Read The Marshal Makes His Report Online
Authors: Magdalen Nabb
Tags: #Fiction, #Mystery & Detective, #Police Procedural, #ebook, #book
‘According to your niece, by herself.’
‘Nonsense!’
‘As you say. I said, according to your niece.’
‘If you believe her you’re a fool. Buongianni was a big man. Heavy.’
‘Yes.’ The Marshal well remembered the weight of him in the dream. ‘You saw and heard nothing that night, then?’ It was his first attempt at turning the tables on her, asking her a question instead of the other way round. She seemed to have no objection.
‘Nothing. I take sleeping tablets. And if I had heard something, do you imagine I could have gone running up to the top of the tower? My condition is plain, I think. I never leave this apartment unless it is to go down in the lift to the reception rooms on the floor below.’
‘I understand. It’s fortunate that the dwarf, Grillo, who brought me your letter can act as legs for you.’
She looked at him a moment in silence, adjusting her opinion of him.
‘I see you’re more astute than one would think, Marshal. Yes, Grillo knows what goes on all over the house. That’s what you mean, isn’t it? He comes every day to tell me what sort of state Neri is in.
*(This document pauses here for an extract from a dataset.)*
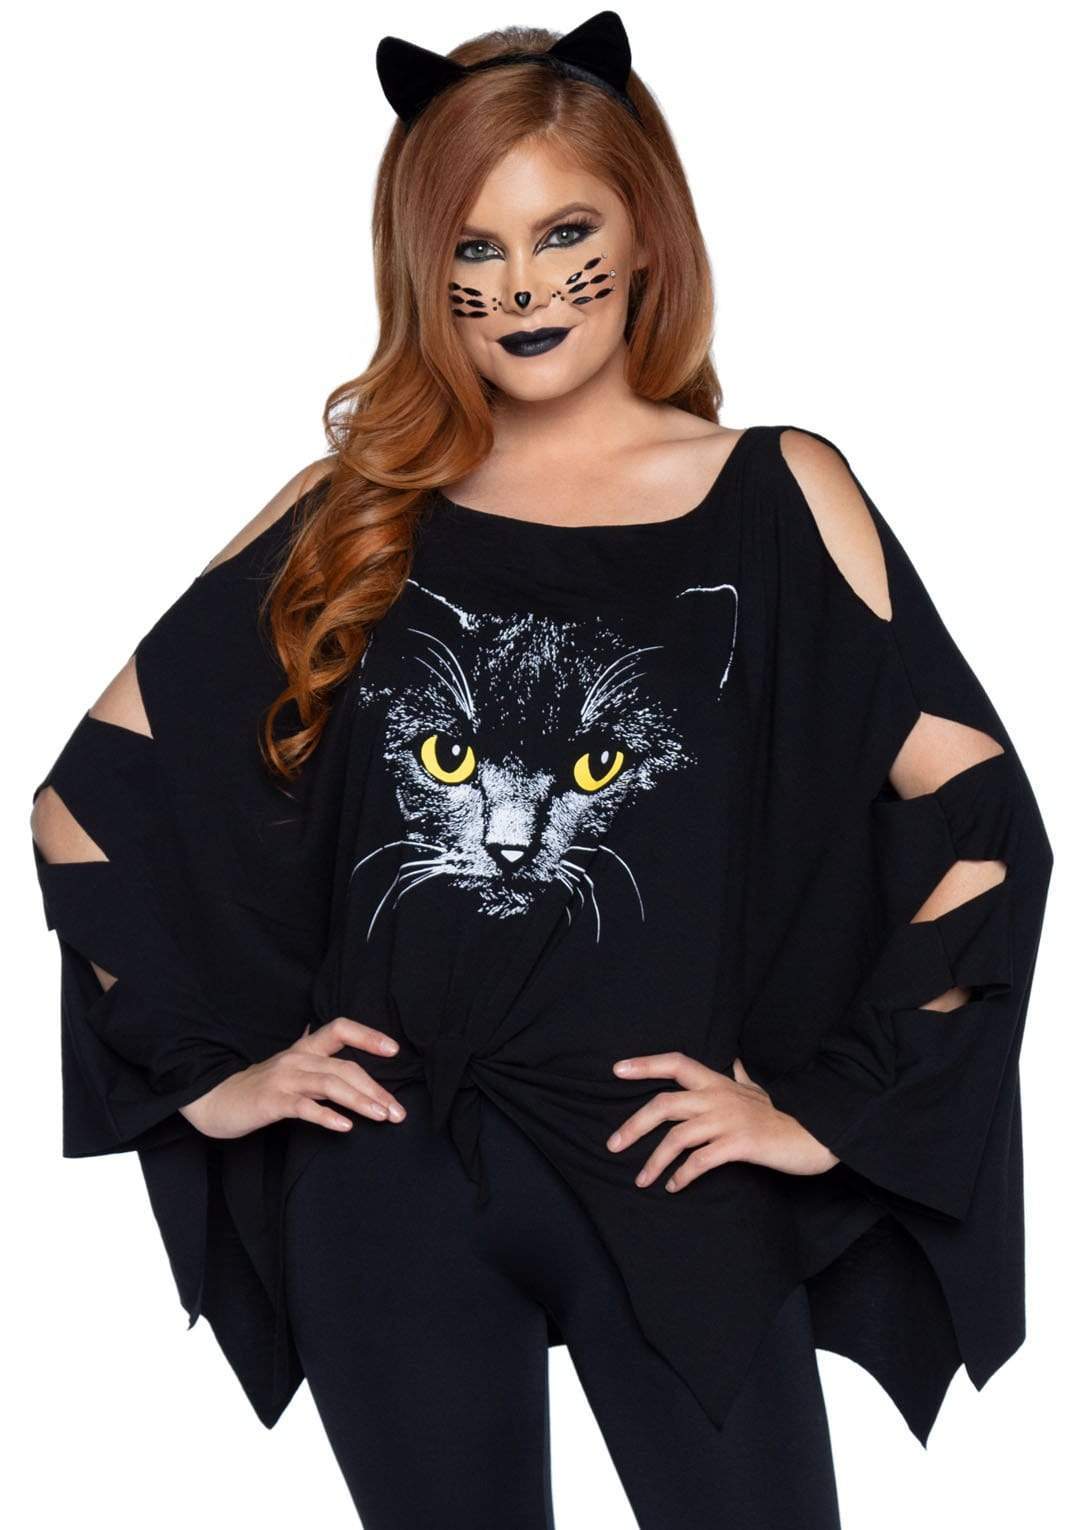 black cat costumes for women
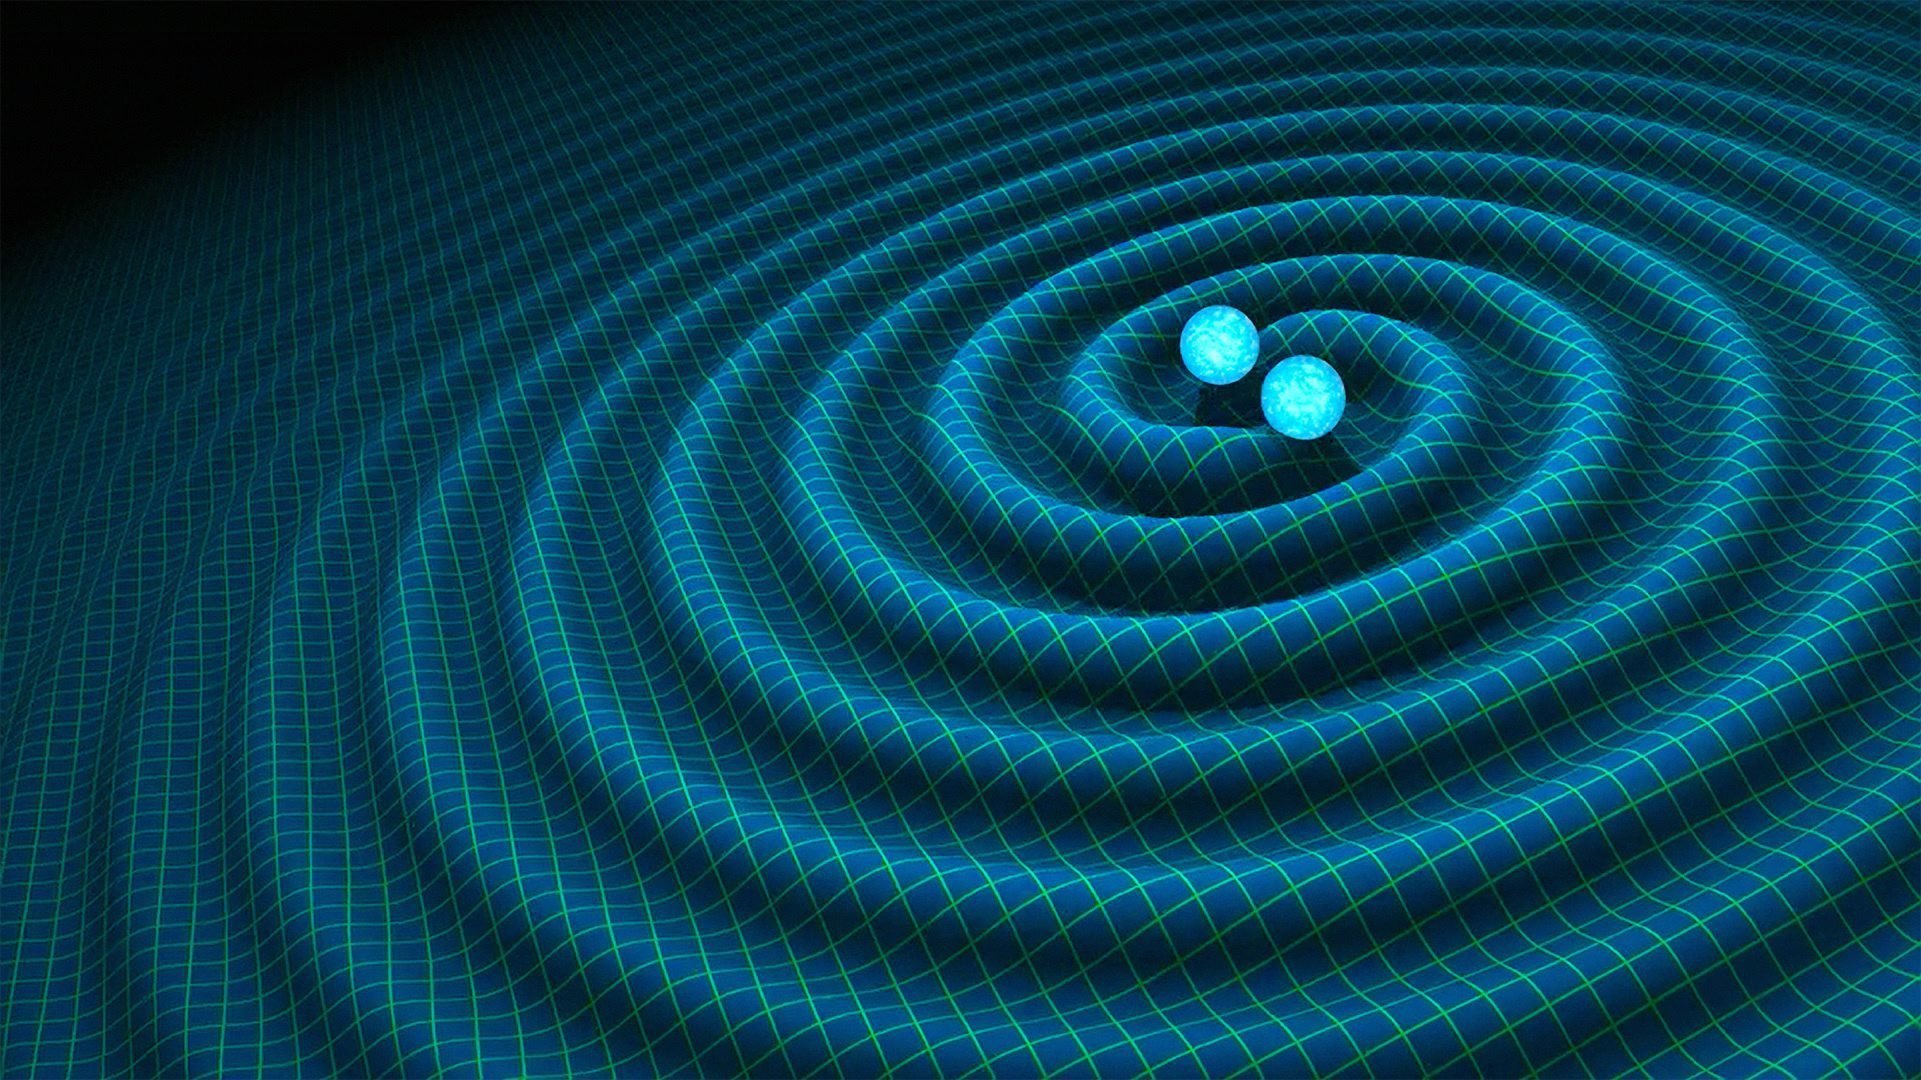 gravitational-waves-generated-by-binary-neutron-stars.jpg

As you can imagine, I can’t go up there to see him myself.’
‘But he could come down.’
‘He used to do that. Now he sees no one except the dwarf, Father Benigni—and now you.’
‘And his mother?’
‘He hasn’t spoken to her since that night. They say he won’t allow her in the tower. What the dwarf knows or doesn’t know I can’t say because he won’t tell me; what Neri knows is killing him. On that point the doctors have been clear. What I want to hear now is what you know. I’ve watched you walking around down there in the courtyard, day after day. You suspect something. If Neri sent for you, then he knows you suspect something too. The burden of what he knows is killing him. Take it from him.’
‘I would have thought the priest . . .’
‘You can only confess your own sins, Marshal.’
‘Yes. Yes, that’s what he said to me himself . . . So you think—his mother or—’
‘Yes, Marshal. You see I’m hiding nothing from you. Neri must survive at all costs. I brought my niece up from the age of twelve and I know her. By the time she was sixteen years old I was afraid of her. I want to save Neri, and if I said I intended to help you, the truth of the matter is that I want you to help me.’
‘If I can, of course.’
‘A Sicilian answer. Also, you know something or you wouldn’t be pursuing the matter on your own account. Well, there’s no reason why you should tell me. You’re the one investigating. Well?’
‘I’ll do what I can—’
‘Do what I can! I’m waiting for your questions. You know nothing about this family, I know everything. Well?’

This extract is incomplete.